Near as I can tell the next most popular ways of deploying Prometheus into Kubernetes are the Bitnami helm chart, the official Prometheus Operator static manifests, or the Prometheus Community kube-operator-stack helm chart. At the time of this writing, none of these ship with support for scrape annotations enabled.
So if you started from one of those, or any one of the many other ways you could deploy Prometheus into your Kubernetes cluster that does not include the discouraged approach of using Prometheus scrape annotations to aid service discovery, then the day Istio mTLS strict mode was enabled in your cluster was a sad day indeed.
So what should you do in that case?
Well if you’re not using the operator I think the easy way out is to just add support for the scrape annotations to your Prometheus config, add the annotations to your workloads, and make sure Istio metrics merging is enabled (it’s on by default since Istio 1.7.0).
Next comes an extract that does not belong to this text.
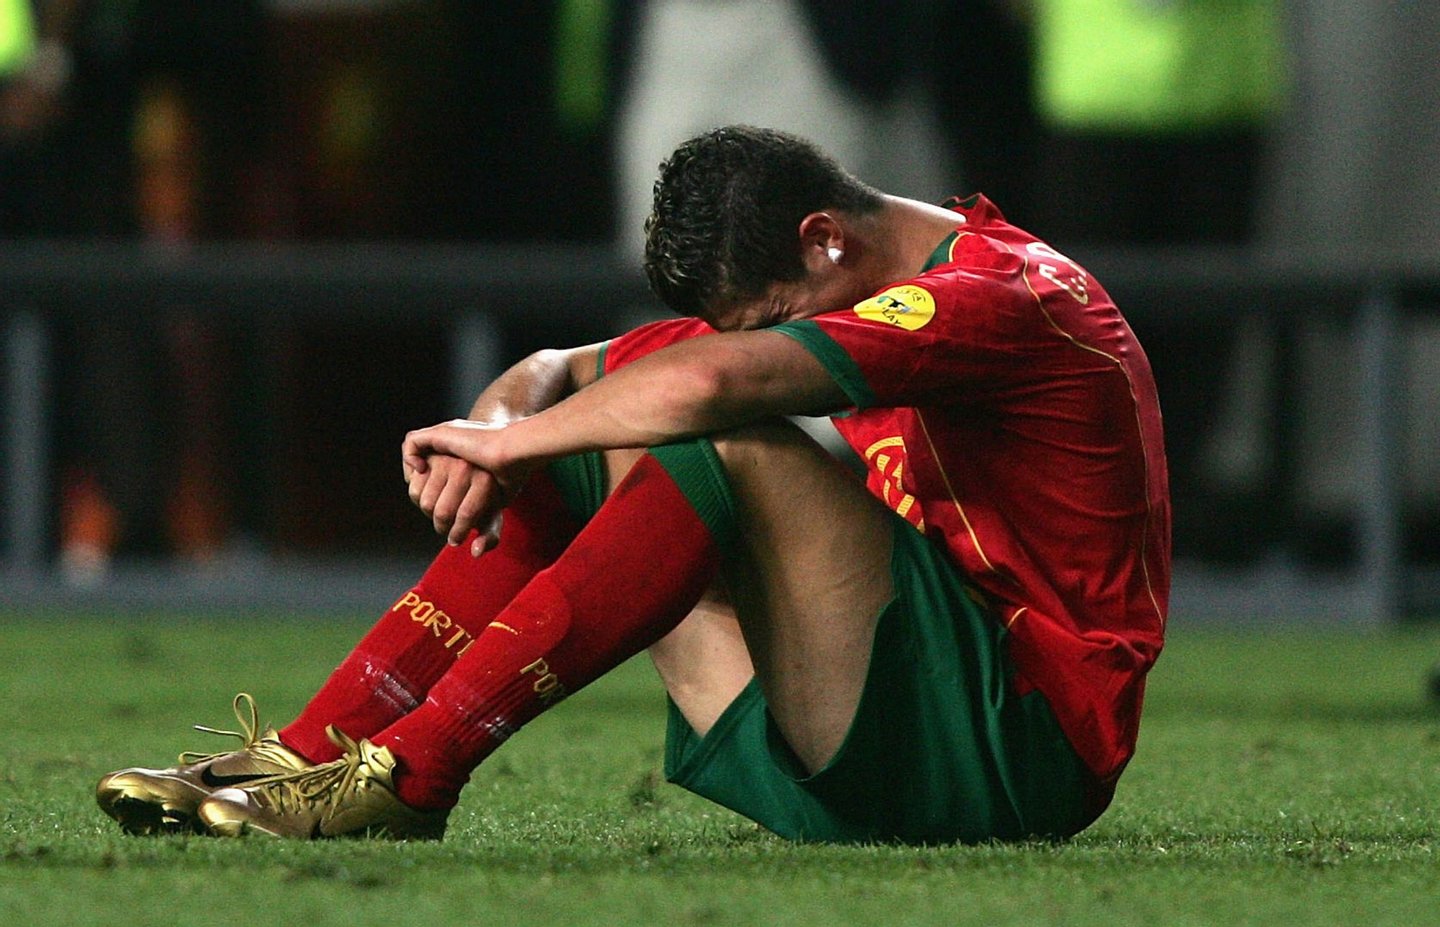 LISBON, PORTUGAL - JULY 4: Cristiano Ronaldo of Portugal in tears after the UEFA Euro 2004, Final match between Portugal and Greece at the Luz Stadium on July 4, 2004 in Lisbon, Portugal. (Photo by Ben Radford/Getty Images) *** Local Caption *** Cristiano Ronaldo

But that’s easy for me to say, I’m not on call for your infrastructure am I? Keep the limitations in mind. If you’re running multi-container pods you’ll need to spend more time thinking about your scrape configuration, perhaps adding other Prometheus scrape jobs specifically to target those extra containers. If you’re using the Prometheus Operator, you can configure scrape jobs via the provided PodMonitor CRD which is more expressive than the scrape annotation convention. The Istio maintainers have an example PodMonitor object that will help get you started. Note that this example configuration will only scrape pods that have the
prometheus.io/scrape label, IF there is also a container called
istio-proxy in the pod, which should reduce the chances of this causing problems with other multi-container pods.